20.11.2019, 23:09

Looking for a way to exclude certain parts of a pdf, or alternatively select the text in a pdf that MAXDictio looks at.

The problem is that some webpages include copious tag phrases on many pages, and these get seen as frequent terms in MAXDictio.

I use the Web Collector to create pdf documents for selected pages, and then analyze using MAXDictio to generate a phrase cloud. This week I used a lot of pages from the same website. Because they include a section of tag words on each page, and repeat them, and also include a list of "other pages" with the same anchor text, MAXDictio is seeing that as frequent sequences, and the cloud is nonsense.

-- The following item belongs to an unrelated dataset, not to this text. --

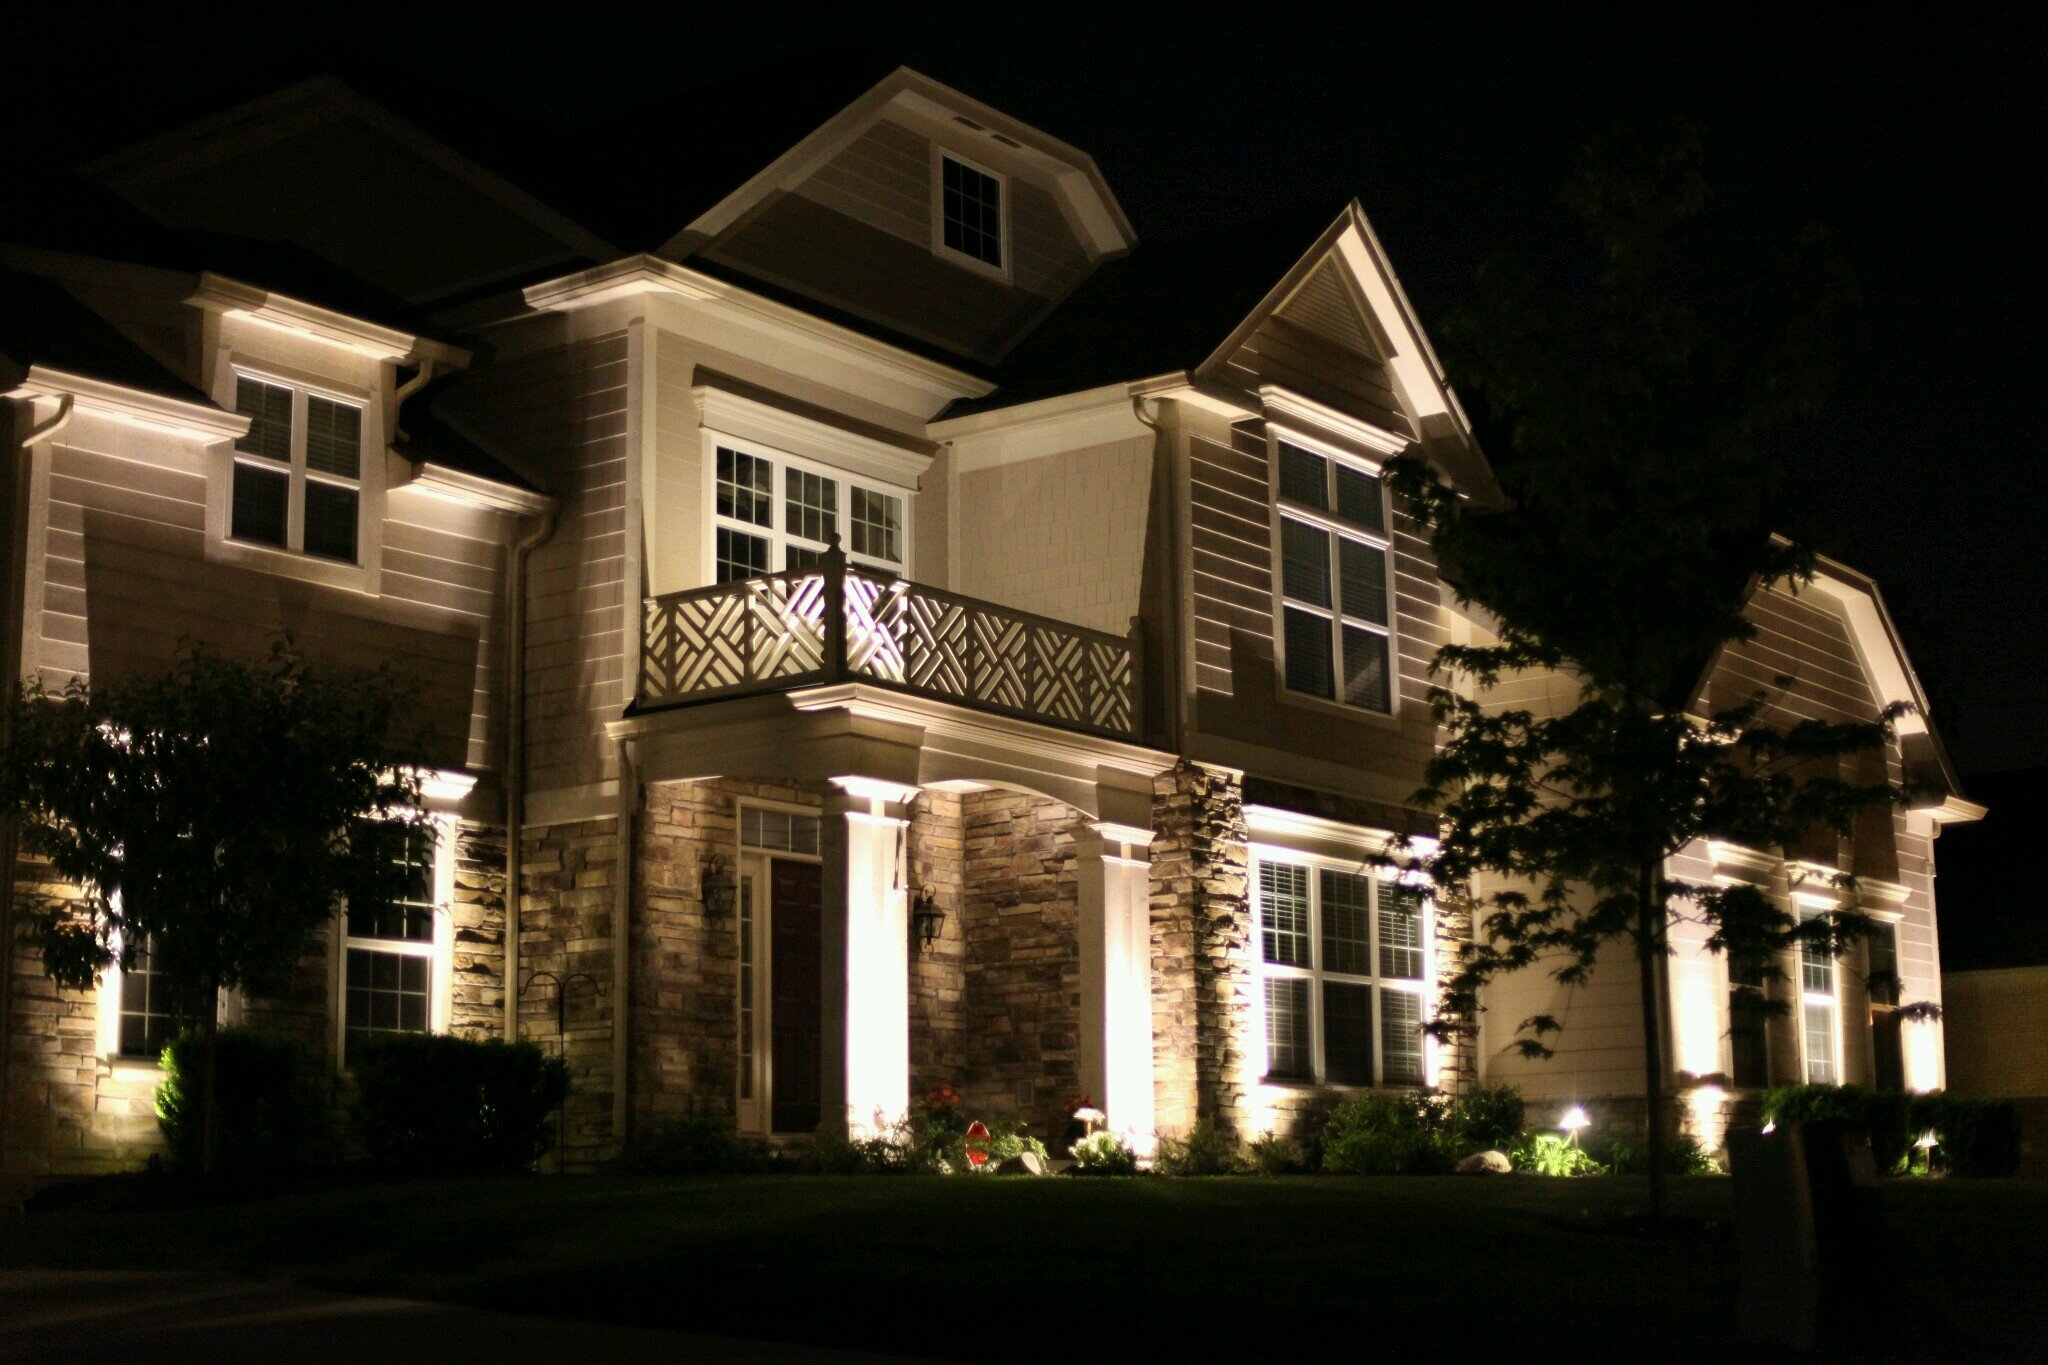 Indiana's professional outdoor landscape lighting expert. Specializing in LED lighting installation and maintenance.

Other than going though a few hundred items and manually adding these to the Stop List, is there a way to rather select what part of the pdf document MAXDictio should search?

26.11.2019, 10:32

Hi Matthew,

Thanks for the question – indeed, there is a way to select the text in a PDF for at least the word frequency features, although I don't know whether using it is feasible in your case. But in principle, you can use the "Only in retrieved segments"-option to limit those features to the segments coded with e.g. an "Actual content"-code. This would require you, however, to go through the page and select everything that's not a tag phrase. This will either need to be done manually or, in theory, you could also use the lexical search and regular expressions to target those sections if they begin and end with a unique string (e.g. one of those tag phrases?).

Alternatively, as you said, one would usually exclude those tag phrases via the stop list.

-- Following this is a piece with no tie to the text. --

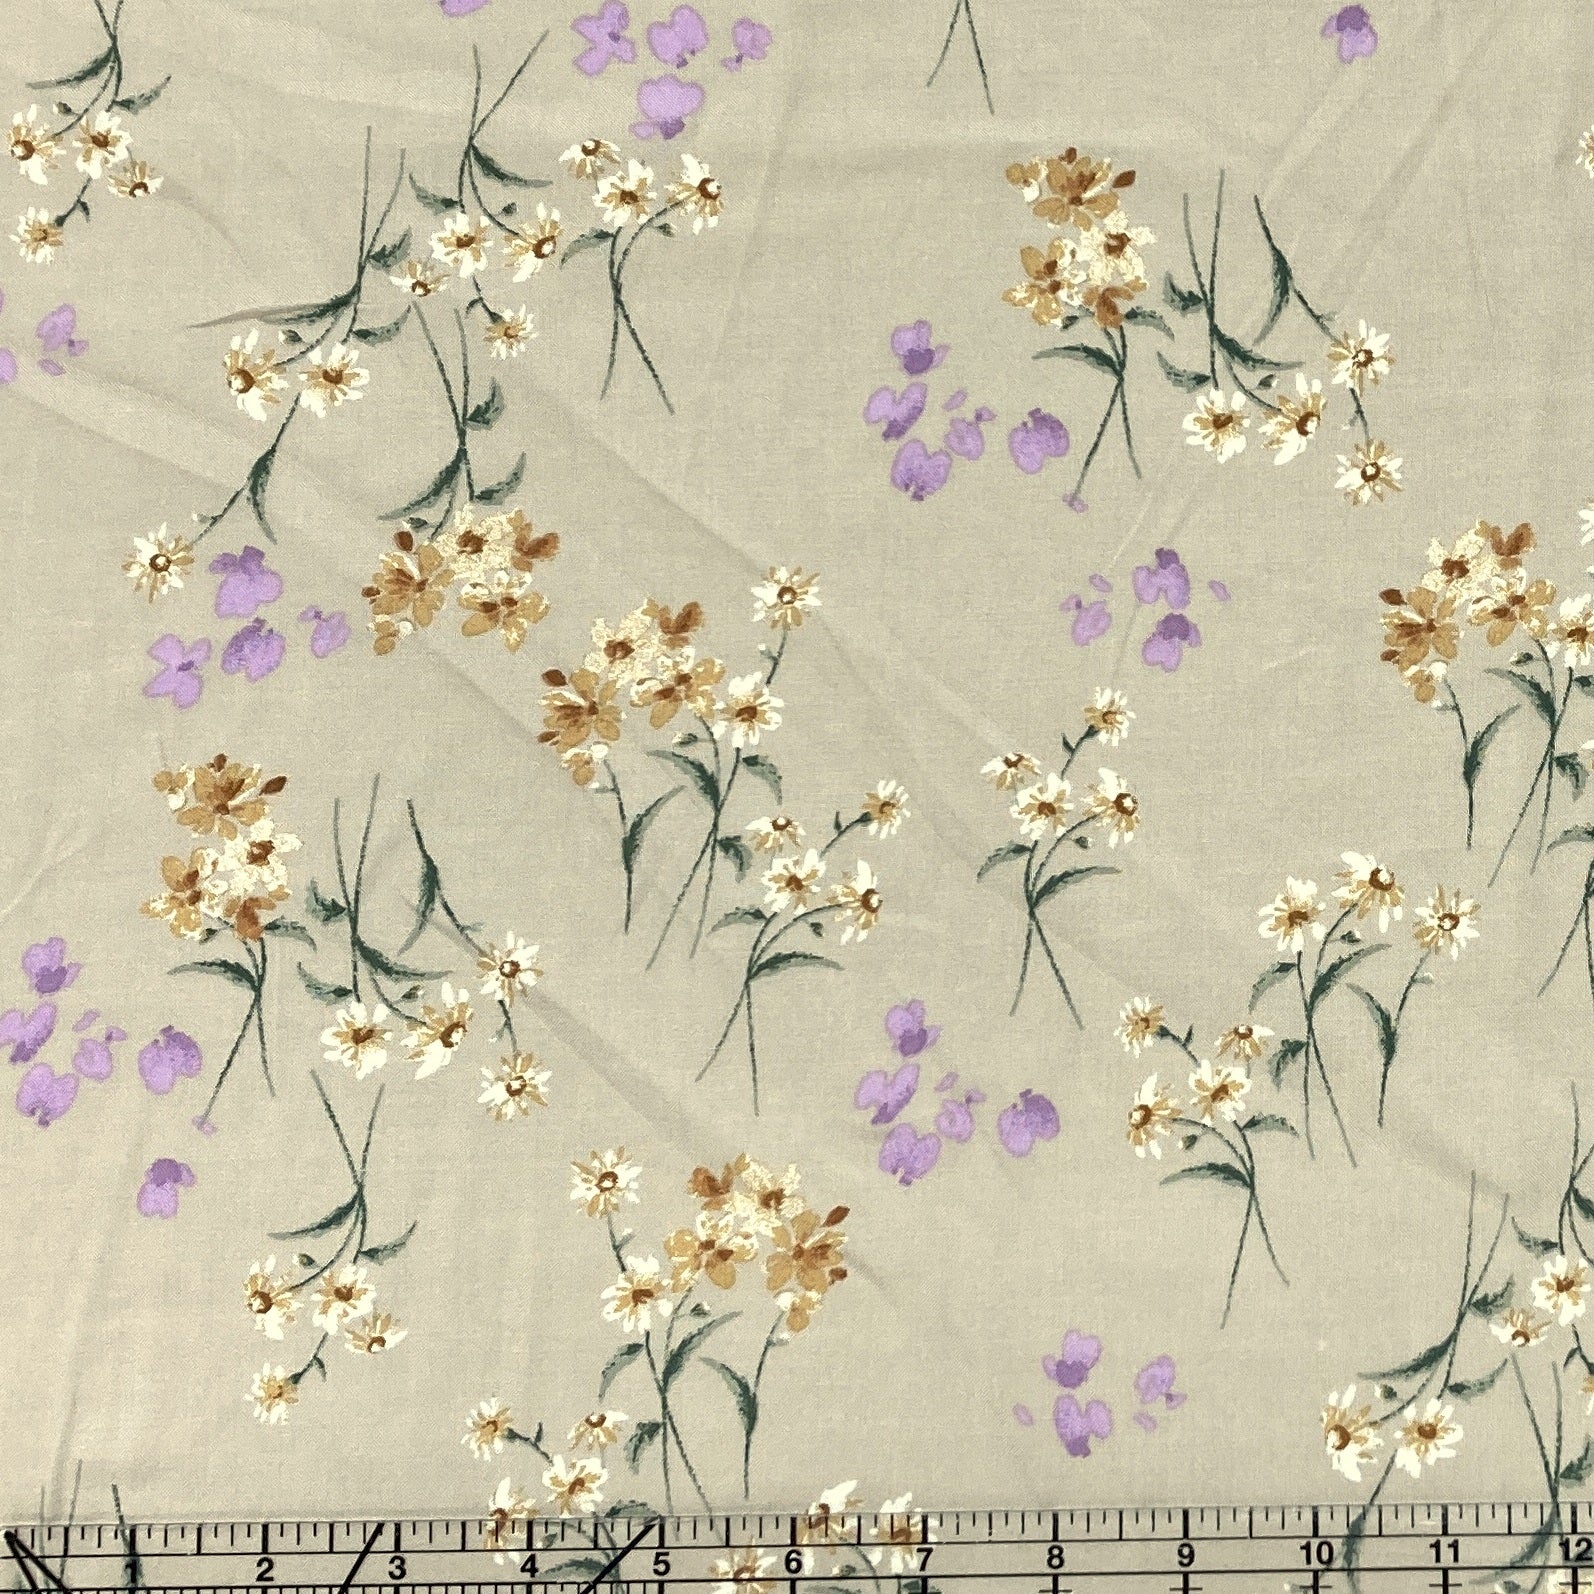 Light Brown Lilac and Green Daisy Floral Rayon Challis

I hope this helps! If not, or in case of any other questions, please don't hesitate to contact us again.

28.11.2019, 19:12

Thanks Andreas - yes, "Only Coded Segments" would give me that control and would work well enough.

The more I thought about this problem, the more concerned I was about how loads of tag words and other extraneous text in collected web pages could be diluting the text and reducing my construct validity.

Your solution will help reduce that risk